Kepala Perhutani KPH Jatirogo, Dedy Siswandhi, menjelaskan bahwa bantuan ini merupakan bentuk perhatian Perhutani terhadap masyarakat desa hutan yang terdampak musim kemarau panjang. “Penyaluran bantuan air bersih ini menjadi wujud kepedulian Perhutani dalam membantu dan meringankan beban masyarakat desa hutan. Dengan adanya kemarau panjang, banyak desa yang mengalami kesulitan air bersih. Sebanyak sepuluh truk tangki, masing-masing berkapasitas 10.000 liter, disalurkan secara bertahap ke Desa Sadang, Desa Sekaran, dan Desa Bader,” ungkapnya.
Dedy berharap bantuan ini dapat sedikit meringankan beban masyarakat dalam menghadapi kekurangan air bersih. “Walaupun mungkin jumlahnya tidak seberapa, semoga bantuan air bersih ini dapat bermanfaat dan meringankan beban masyarakat yang mengalami kekeringan,” ujarnya.
Suci Arini, Kepala Desa Sadang, menyampaikan bahwa bantuan air bersih dari Perhutani sangat dinantikan oleh warganya. Ia berharap agar program bantuan ini bisa berlanjut, mengingat kebutuhan air bersih yang masih tinggi di wilayahnya. “Kami mengucapkan terima kasih atas bantuannya.

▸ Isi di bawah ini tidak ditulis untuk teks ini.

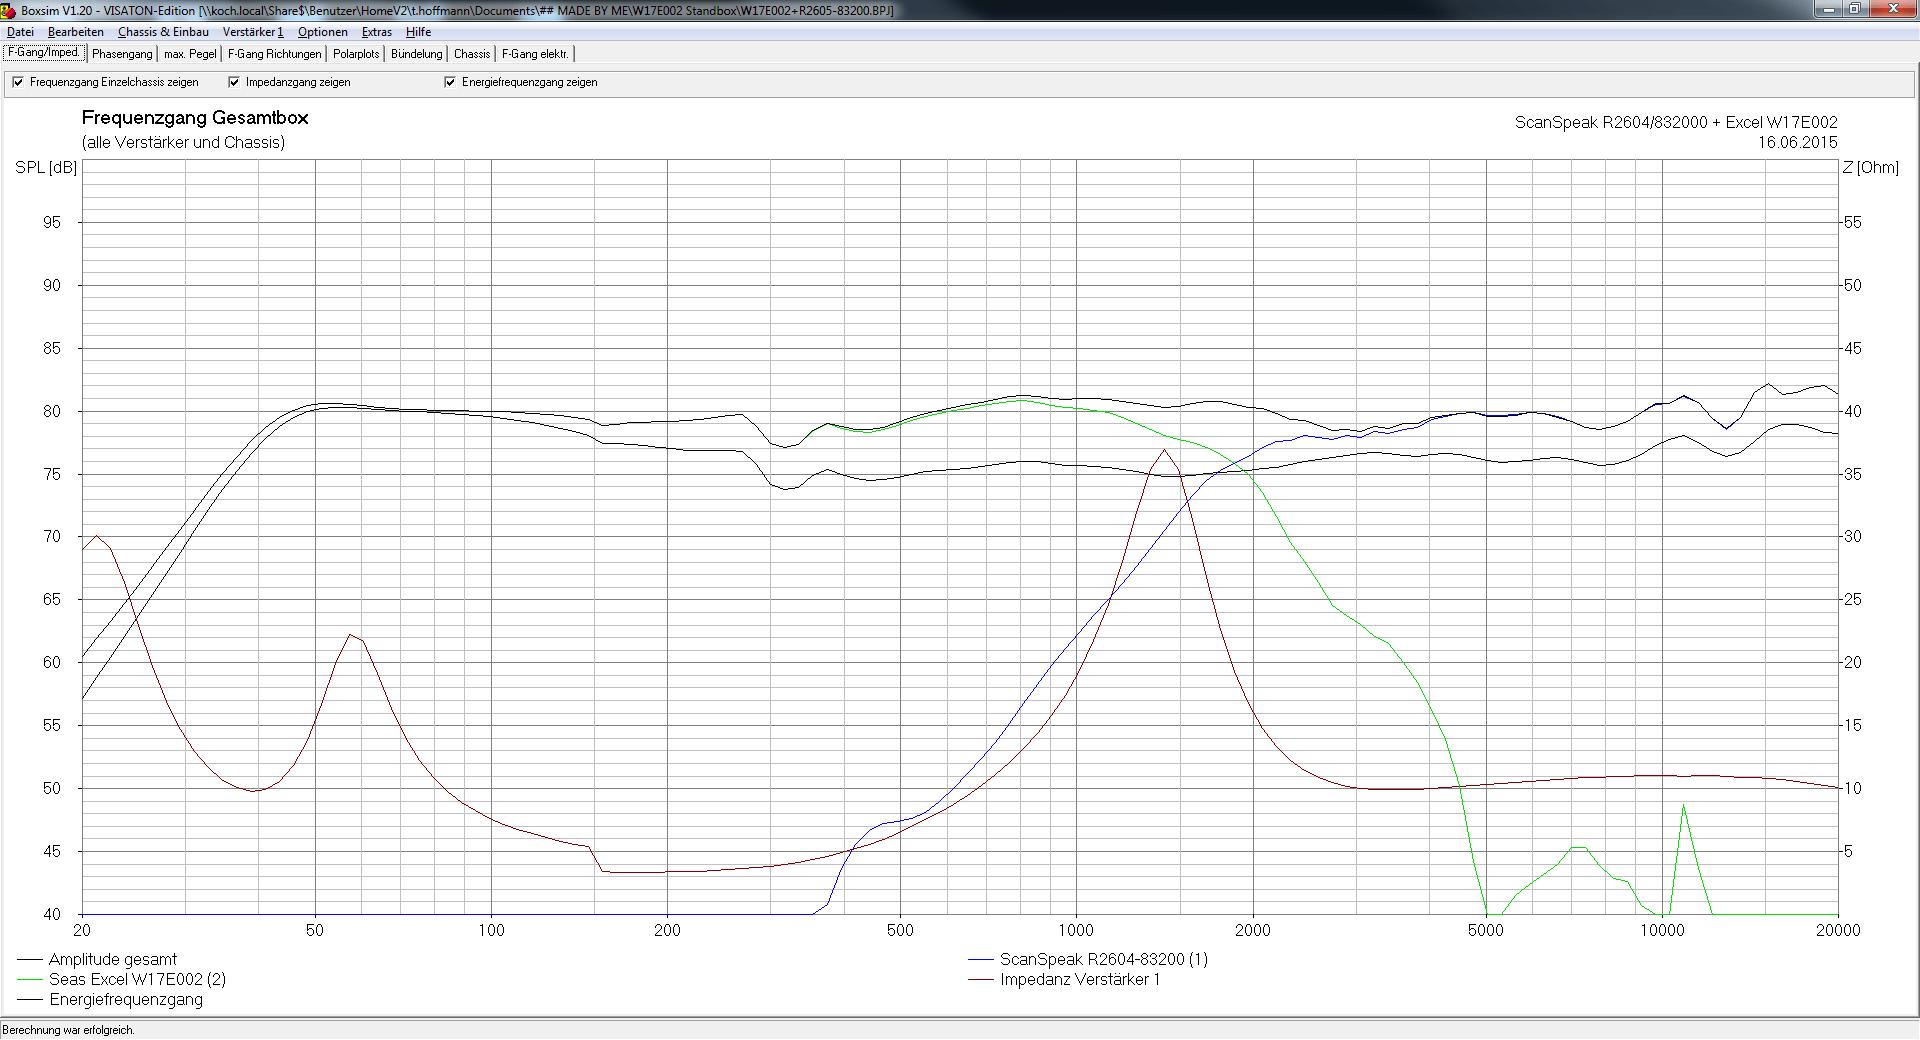 Projekt Fur Excel W17 E002
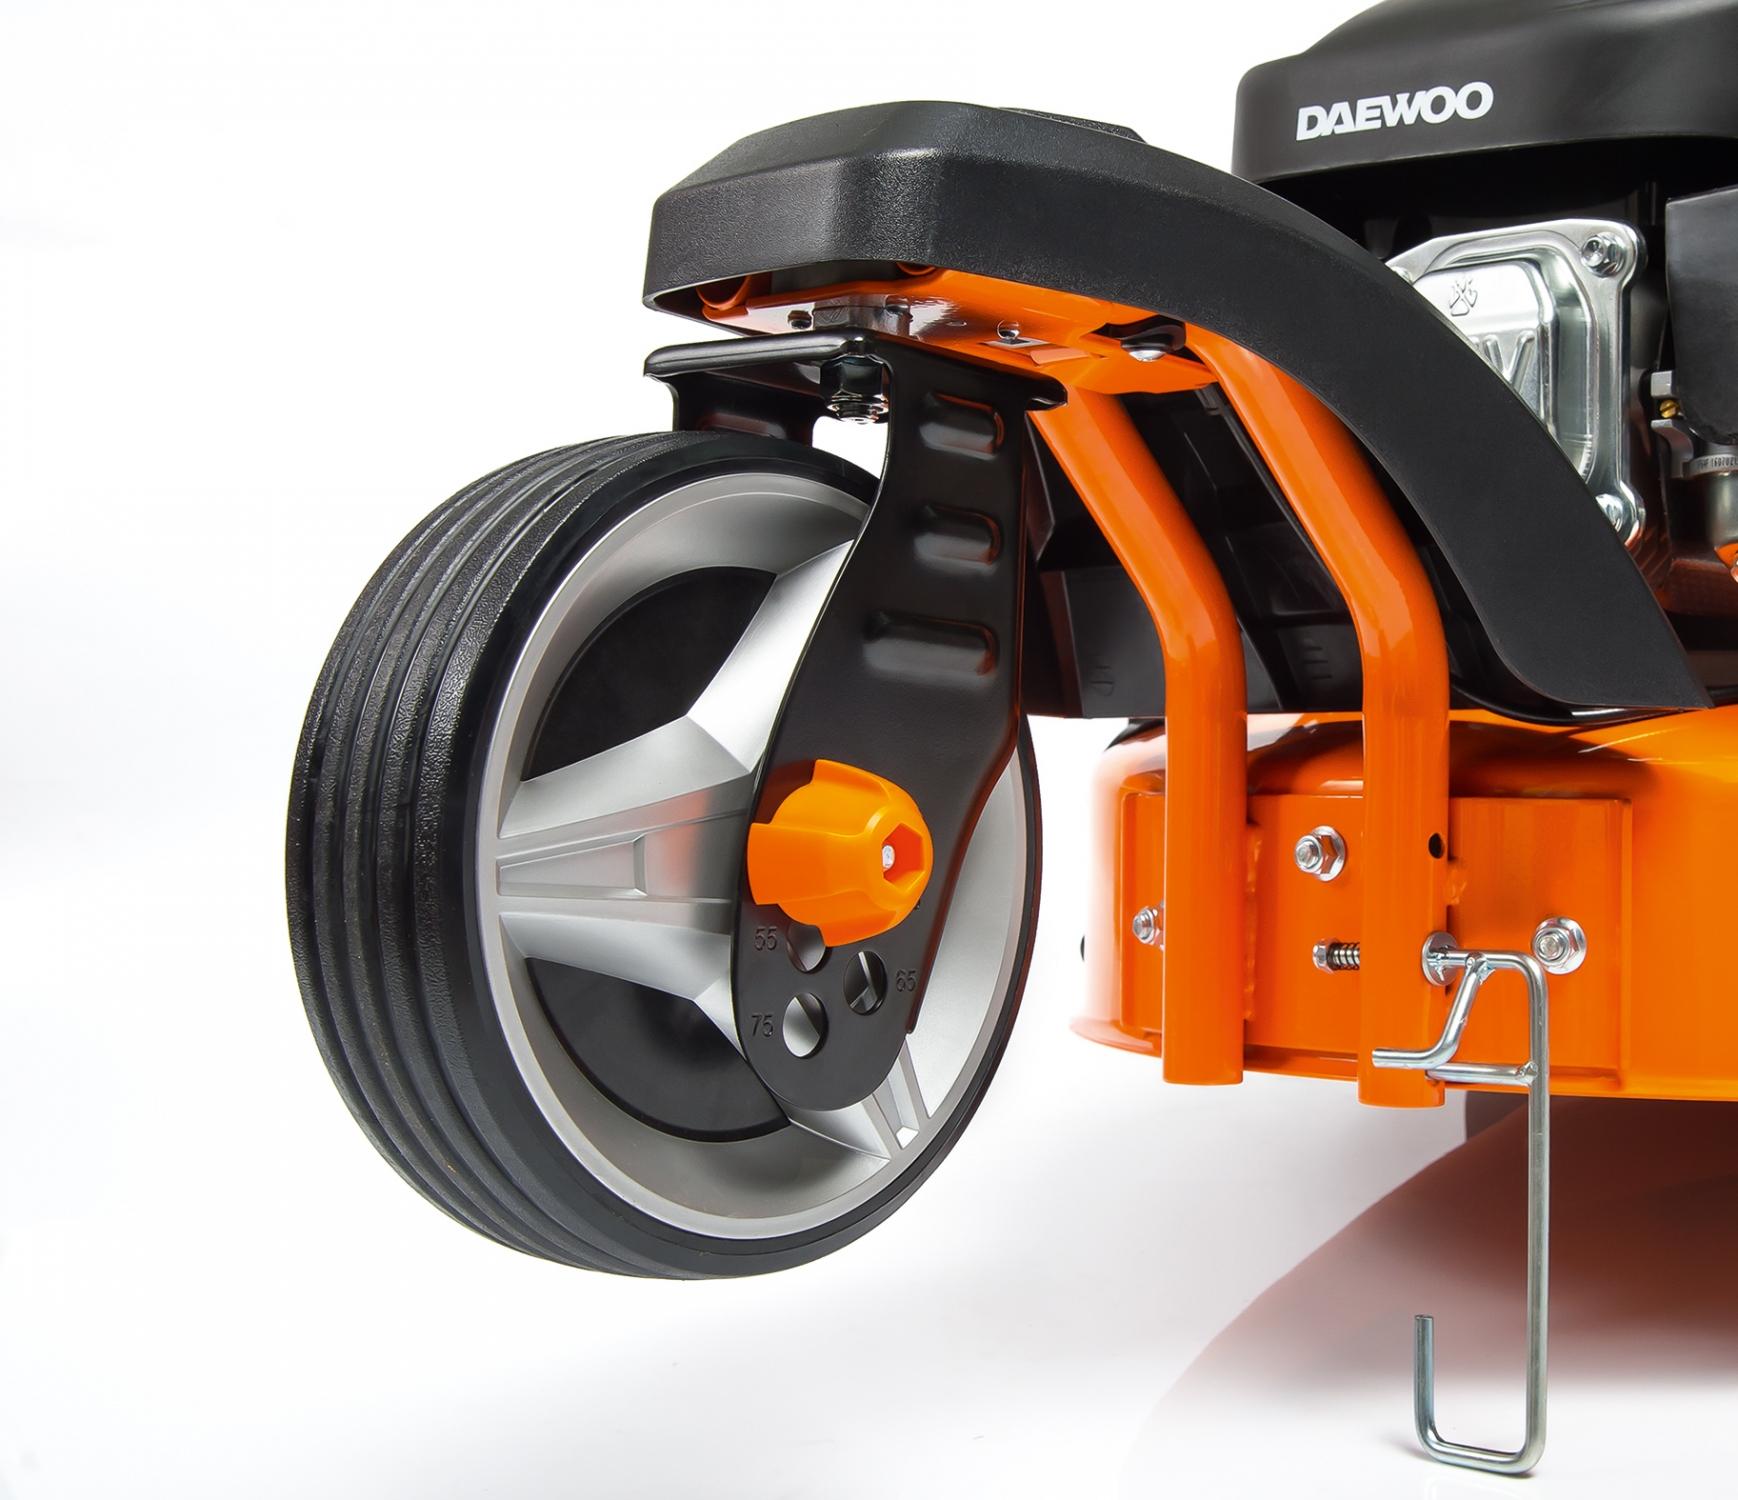 Бензинова газонокосарка Daewoo  DLM 5100SR

Semoga ke depan ada kerja sama yang lebih erat antara Perhutani dan warga Sadang, misalnya melalui bantuan untuk pengadaan sumur air bersih,” harapnya.
Seorang warga Desa Sadang, Parimin, juga turut mengucapkan terima kasih atas bantuan air bersih yang disalurkan. “Perlu diketahui bahwa di desa ini harga air bersih untuk konsumsi atau diminum mencapai Rp 20.000 per galon, dan untuk memasak sekitar Rp 5.000 per galon. Bantuan ini sangat berarti bagi kami yang kesulitan mendapatkan air dengan harga terjangkau,” jelasnya.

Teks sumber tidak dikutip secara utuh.